Question

A solid cylinder rolls up an inclined plane of inclination $\theta$ with an initial velocity $v$. How far does the cylinder go up the plane?

• A. $\frac{3v^{2}}{2g\, sin \,\theta}$
• B. $\frac{v^{2}}{4g\, sin \,\theta}$
• C. $\frac{3v^{2}}{g\, sin \,\theta}$
• D. $\frac{3v^{2}}{4g\, sin \,\theta}$

Answer 1

Answer: (D)

Let the cylinder go up the plane upto a height $h$. Let $M$ and $R$ be the mass and radius of the cylinder respectively.
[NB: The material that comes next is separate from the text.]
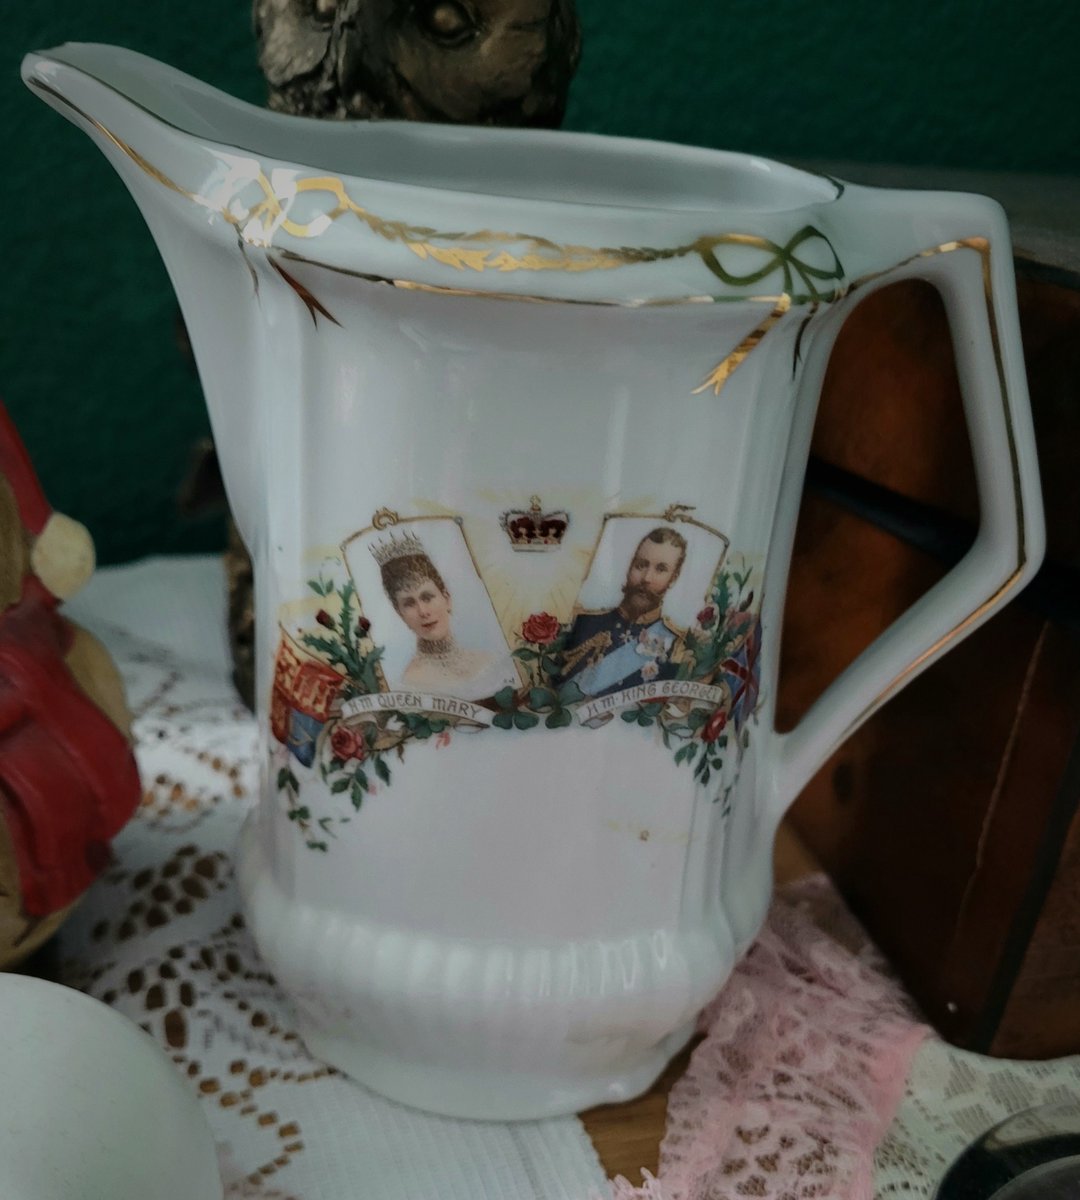 Lovely  coronation jug of King George V and Queen Mary  from 1911, another antique find from Sue Ryder charity shop in Didsbury. 

#Didsbury #antique #coronation

According to law of conservation of mechanical energy, we get
$\frac{1}{2}Mv^2 + \frac{1}{2} I\omega^2 = Mgh$
$\frac{1}{2}Mv^{2} +\frac{1}{2}\frac{MR^{2}}{2} \omega^{2} = Mgh $
$\left(\because {\text{For a solid cylinder}}, I= \frac{1}{2}MR^{2}\right) $
$\frac{1}{2}Mv^{2} +\frac{1}{4}MR^{2}\omega^{2} = Mgh $
$ \frac{1}{2}Mv^{2}+\frac{1}{4}Mv^{2} = Mgh \quad\left(\because v= R\omega\right) $
$ \frac{3}{4}Mv^{2} = Mgh$
$ h= \frac{3v^{2}}{4 g}\quad...\left(i\right)$
Let $s$ be distance travelled by the cylinder up the plane.Then
$sin \,\theta = \frac{h}{s}$ or $s = \frac{h}{sin\, \theta} = \frac{3\, v^{2}}{4\, g\, sin\, \theta} $ (Using$(i)$)